One downside to HBO programming (and there aren’t many) is the interminable opening-credit sequences. I’ve not timed them, but the intro to each episode of Game of Thrones and Deadwood, for example, must run a full minute. Doesn’t sound like much, and the opening to Game of Thrones is actually quite well done — a sweeping, 3-D, helicopter-view tour of the mythical kingdoms over which rival factions fight in this absorbing epic. But it feels interminable after the first couple viewings, and here again we just fast-forward through it now.
[Digression: I heard a Fresh Air interview with Seth McFarlane the other day. He’s the force behind Family Guy, a show that has its moments but isn’t really my cup of tea. Too scatological for its own good, though the show’s opening is a clever take on the ditty Edith and Archie sang to start each episode of All in the Family. McFarlane noted that the trend today on commercial TV runs toward much shorter show openings, enabling network philistines to pack ever more advertising into a 30- or 60-minute slot.]

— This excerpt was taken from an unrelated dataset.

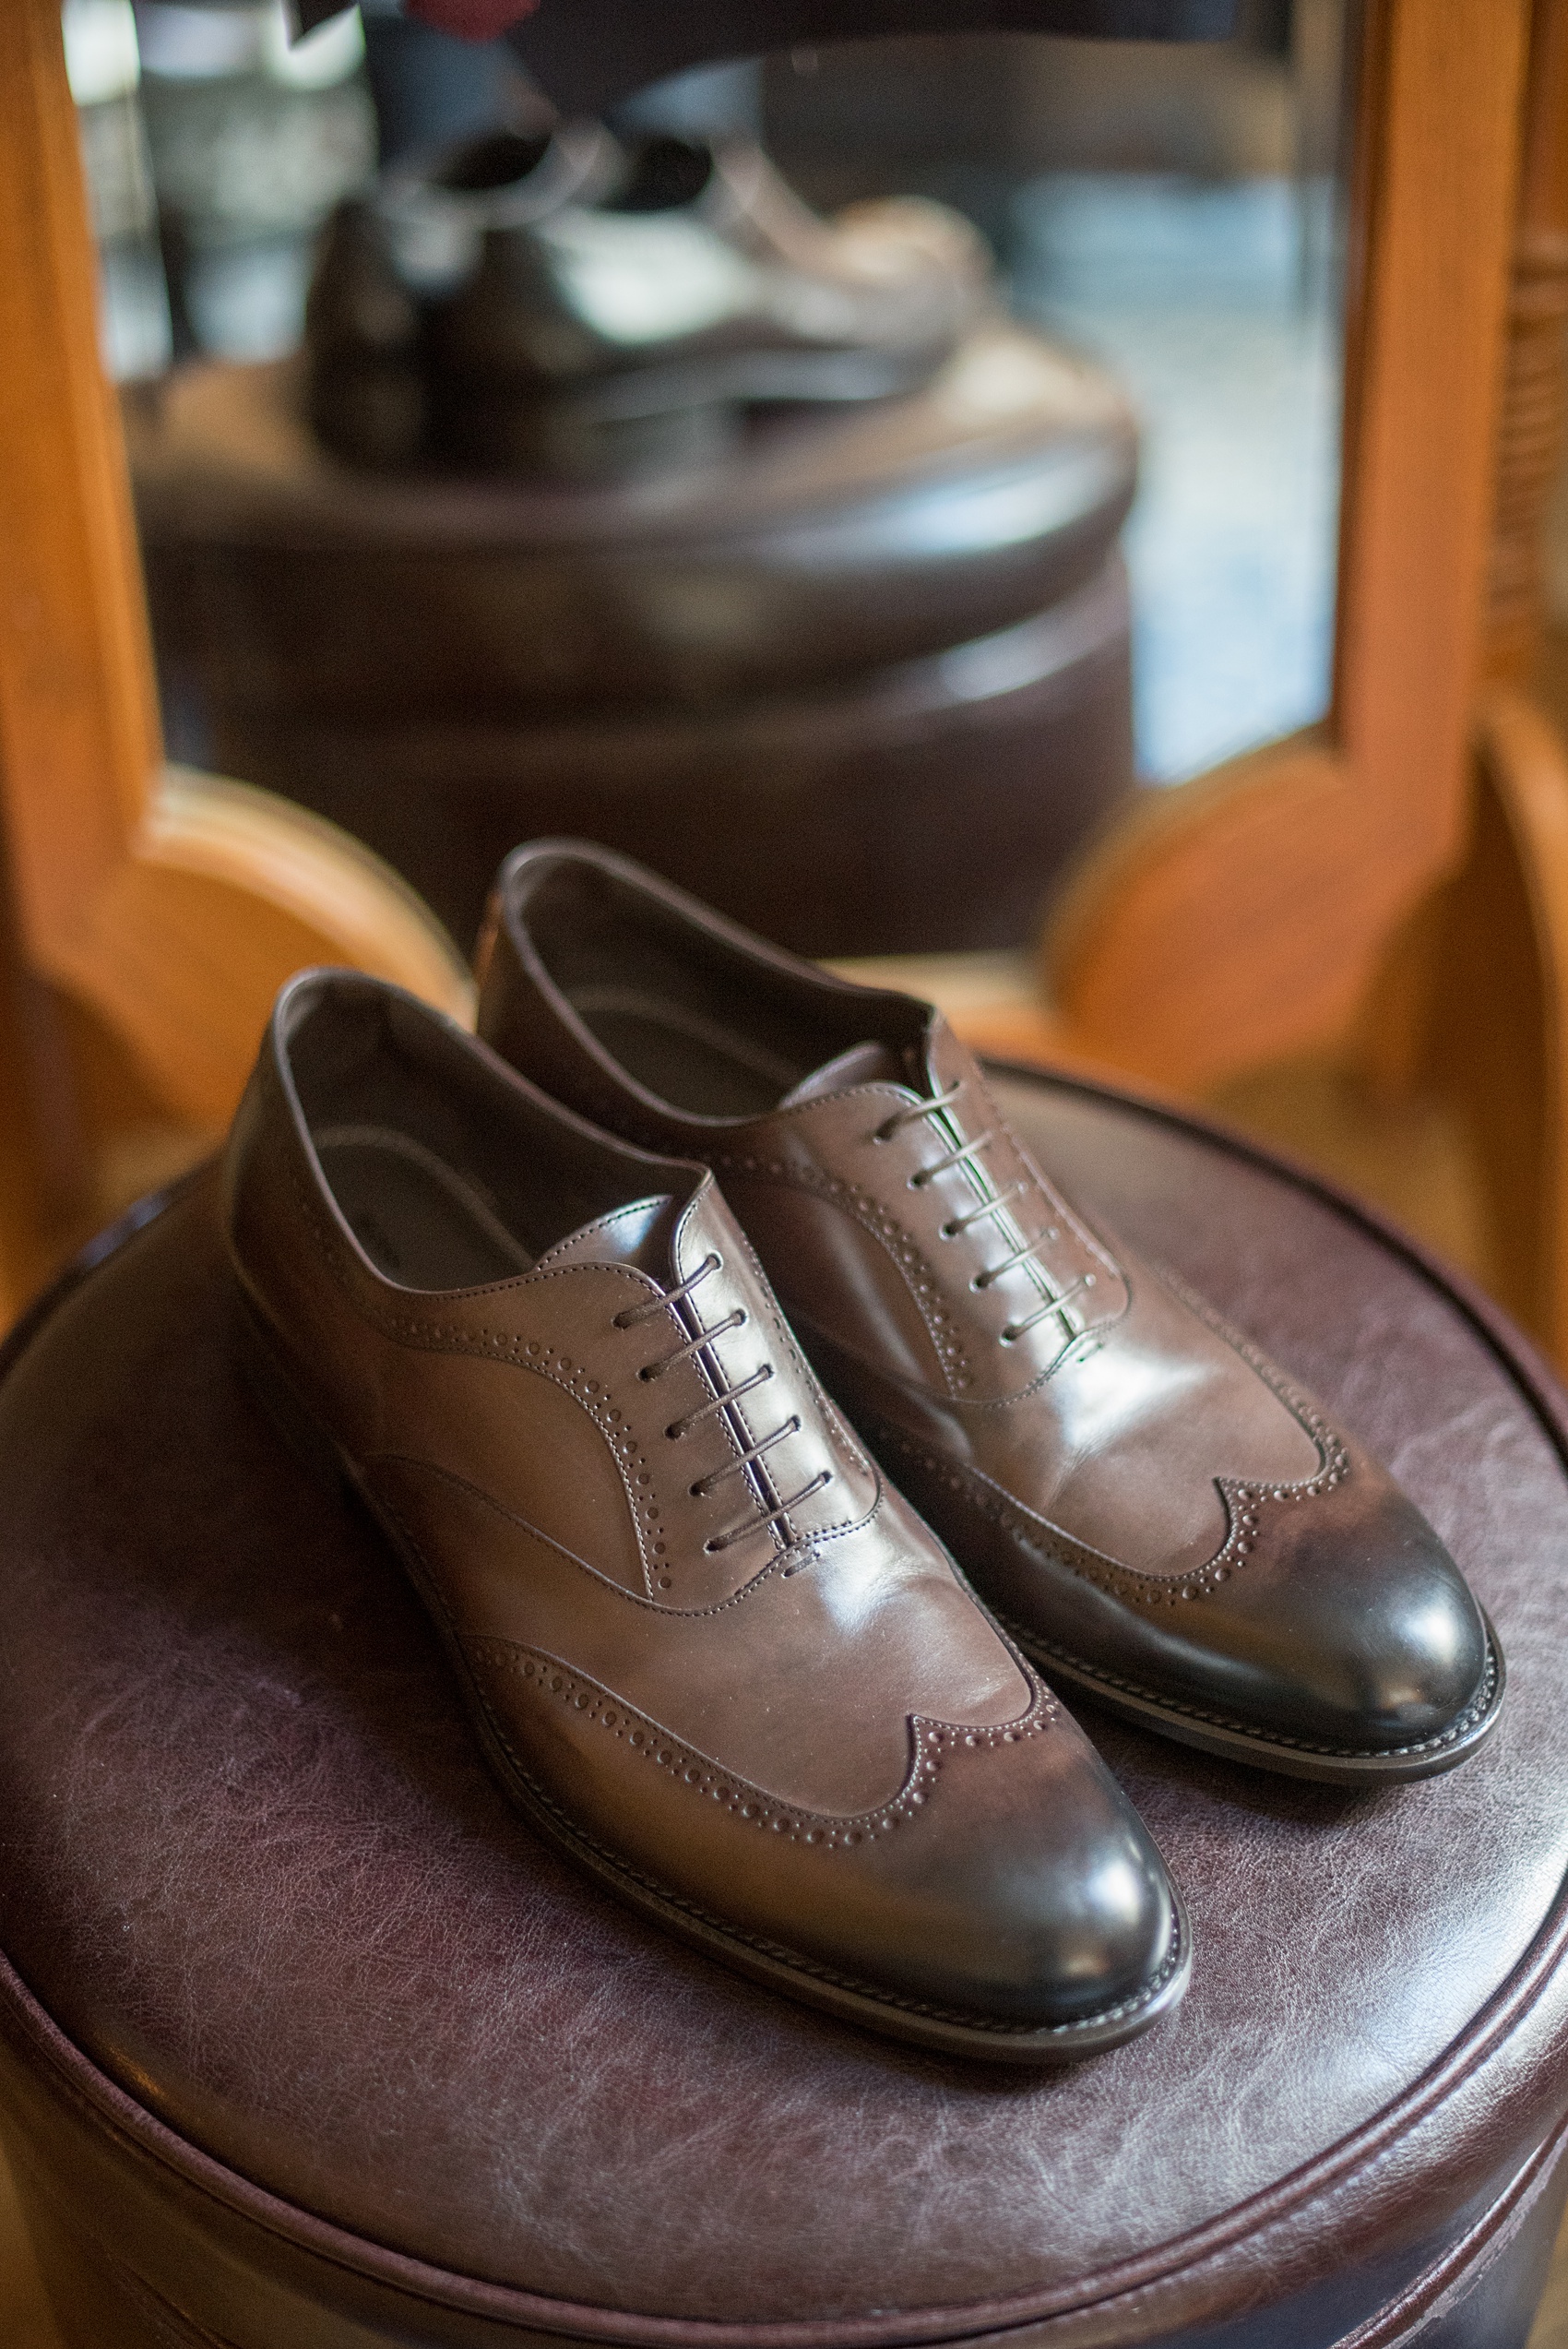 Mikkel Paige Photography photos of a wedding at Crabtree's Kittle House in Chappaqua, New York. Picture of the groom's dark brown leather dress shoes.

Okay, back on message. Having saved the best for last, I can report that Deadwood is really, really good. I’m dreading the idea that once I desist with the self-imposed suspense and watch the finale, it’ll all be over. One doesn’t get that same sense of dread when catching up on Mad Men or other worthy series still in production, where new material’s in the offing. The whiff of disappointment at finishing the final disc is tempered by the fact that there’s more to come. But it’s far worse contemplating the close of Deadwood, which, for reasons I mean to explore once I’m finished (so as not to ruin the ending), simply pulled the plug after Season III.
I’ll write more on the series itself when I’ve taken it all in. Until then, I’ll leave you in suspense.